Mkpoikana Udoma 01 March 2017, Sweetcrude, Port Harcourt -Alleging negligence, a group known as the ONELGA Oil and Gas Landlords Families Association in Ogba/Egbema/Ndoni Local Government Area of Rivers State has shut 37 oil wells belonging to the Nigerian Agip Oil Company, NAOC.
According to chairman of the association, Mr. Chikobi Alali, the decision to shut the NAOC-operated oil wells was as a result of the company’s alleged failure to attend to cries of negligence of the area by the company over the years and its inability to resolve age-long dispute with the landlord families.
Contacted for comments on the development, a senior official at the Nigerian Agip Oil Company in Port Harcourt told SweetcrudeReports that it is against the company’s policy “to join issues with anybody, group or even the media”.
Alali said the ONELGA Oil and Gas Families Association is the ancient owners of Oil Mining Leases, OMLs, 60 and 61 on which 150 oil well heads owned by NAOC the local government are stand. Besides, he said, the local government area also plays host to the Ebocha Oil Centre, OB/OB Gas injection plant, electrical generating turbines, pipelines, flow lines and other installations belonging to the company.
The latest showdown, according to the group, was triggered by NAOC’s inability to honour the understanding it reached with the association with regard to corporate social responsibility, CSR, payment of what it termed ‘palliatives’, and addressing problems affecting the communities in the area of security and the environment.
Alali said the Chairman of ENI Group – the parent company of Agip, Ms. Emma Marcegala, the Managing Director of ENI Group, Mr. Claudio Descalzo; Vice-President of ENI Group, Sub-Sahara Africa, Mr. Umberto Carrara; and Managing Director of NAOC, Mr. Massimo Insulla, as well as the Minister of State for Petroleum Resources, Dr. Ibe Kachikwu, have been notified to wade into the matter, to no avail.
He said: “The palliatives are immediate payment of all landlords contractors’ bills, payment of 1% total amount accrued from deduction made in contracts awarded to and executed by landlord families contractors to the association account, out of court resolution of all pending court cases between the oil and gas landlords families and NAOC, including judgment of court in suit no: FHC/PH/CS/1352/2004, compensation of the Ebocha blowout for Egbema communities, and payment of approved legal land rates by government”.
The chairman of the group also alleged that the ONELGA oil and gas landlord families’ contractors have not been paid for their services for over one year.
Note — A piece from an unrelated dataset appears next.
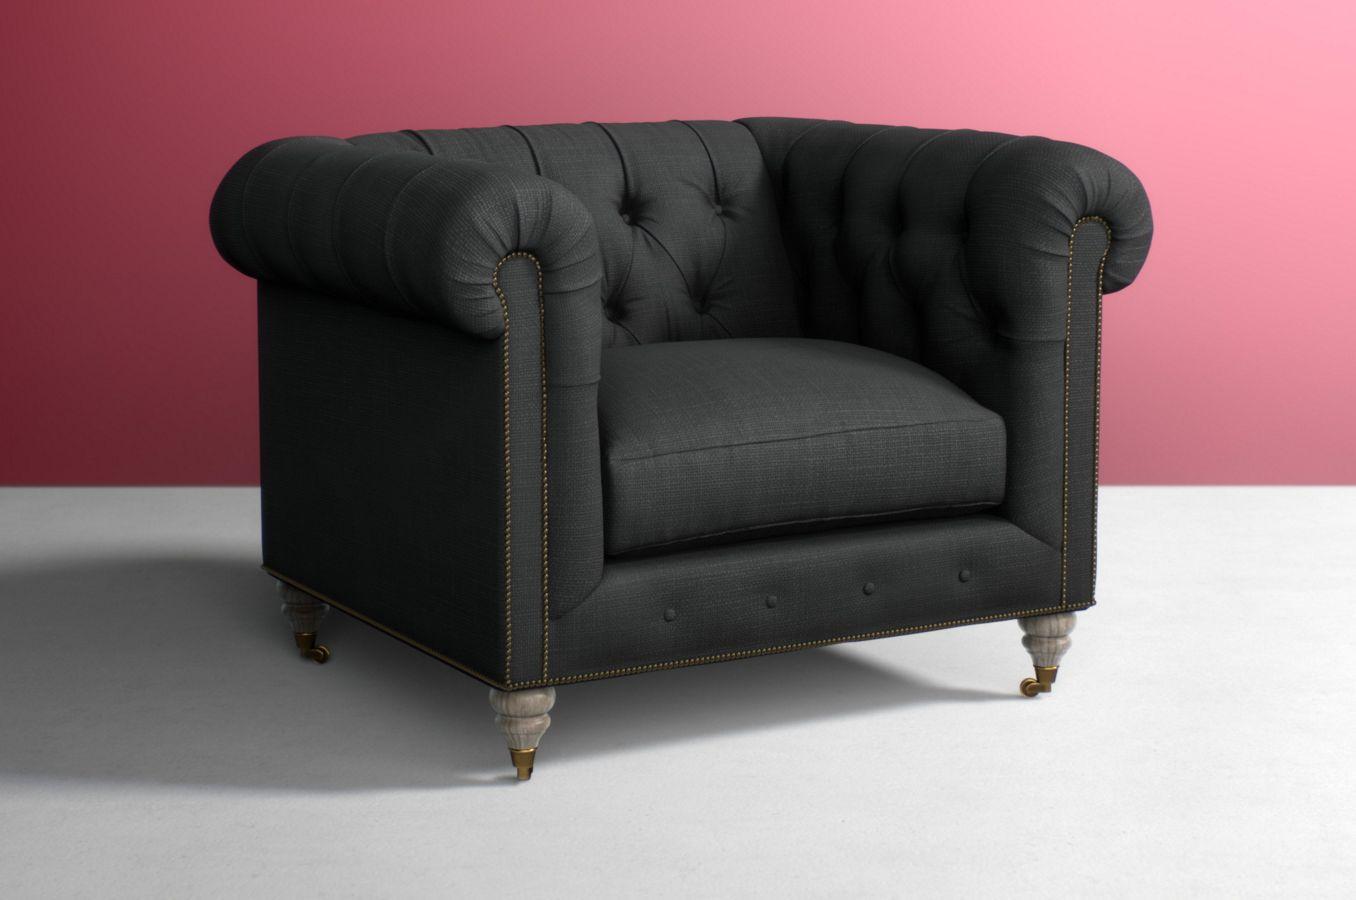 conrad armchair vintage chair leather pin chesterfield cigar

He called on the Federal Government to intercede in the matter “to protect the interest of the landlords”.
A senior official in NAOC, who told our correspondent that it is against the company’s policy “to join issues with anybody, group or even the media,” added: “Even our Managing Director here in Port Harcourt cannot speak to the media on anything. That is just our policy. Any how you want to slant your story, just go ahead and slant it, but, no official of NAOC will speak to you concerning this issue or any other issues about the company.”